Currency Exchange Cash And Equivalents vs. Price To Earning

CXI Stock  CAD 22.50  0.05  0.22%   
Based on the measurements of profitability obtained from Currency Exchange's financial statements, Currency Exchange International is yielding more profit at the present time then in previous quarter. It has a moderate chance of reporting better profitability numbers in December. Profitability indicators assess Currency Exchange's ability to earn profits and add value for shareholders. At this time, Currency Exchange's Days Sales Outstanding is very stable compared to the past year. As of the 29th of November 2024, EV To Sales is likely to grow to 8.95, while Price To Sales Ratio is likely to drop 4.42. At this time, Currency Exchange's Interest Income is very stable compared to the past year. As of the 29th of November 2024, Net Income Per E B T is likely to grow to 0.90, though Accumulated Other Comprehensive Income is likely to grow to (7.2 M).

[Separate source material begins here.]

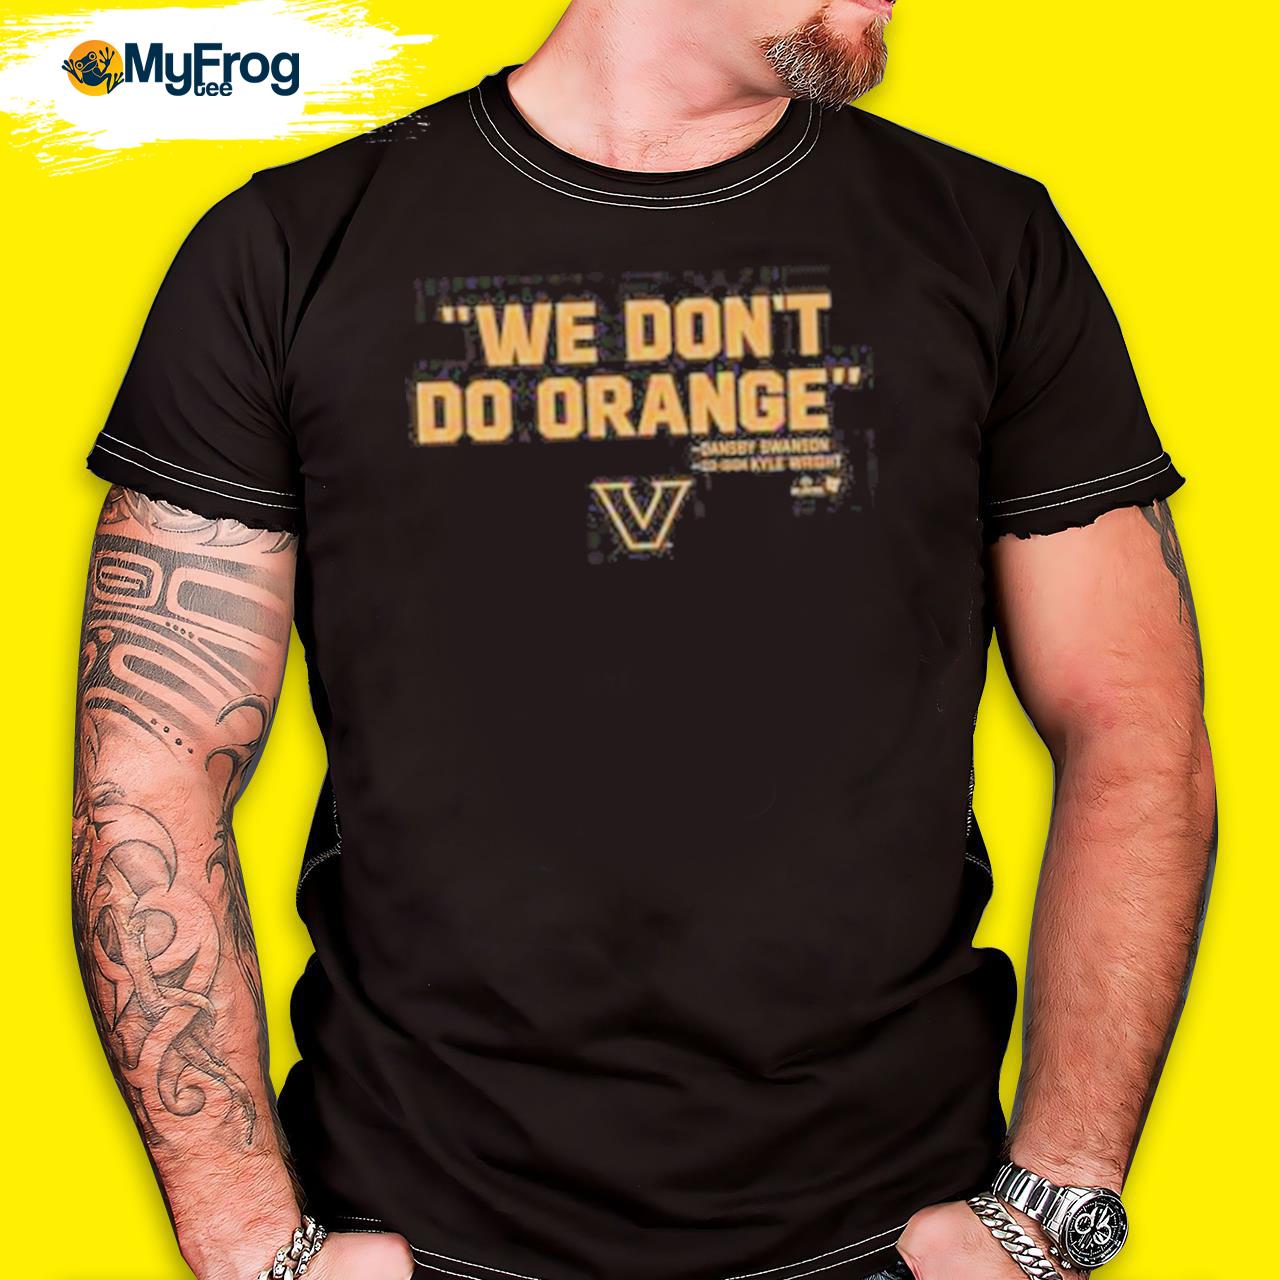 We don't do orange shirt

Current ValueLast YearChange From Last Year 10 Year Trend
Gross Profit Margin0.480.89
Way Down
Very volatile
For Currency Exchange profitability analysis, we use financial ratios and fundamental drivers that measure the ability of Currency Exchange to generate income relative to revenue, assets, operating costs, and current equity. These fundamental indicators attest to how well Currency Exchange International utilizes its assets to generate profit and value for its shareholders. The profitability module also shows relationships between Currency Exchange's most relevant fundamental drivers. It provides multiple suggestions of what could affect the performance of Currency Exchange International over time as well as its relative position and ranking within its peers.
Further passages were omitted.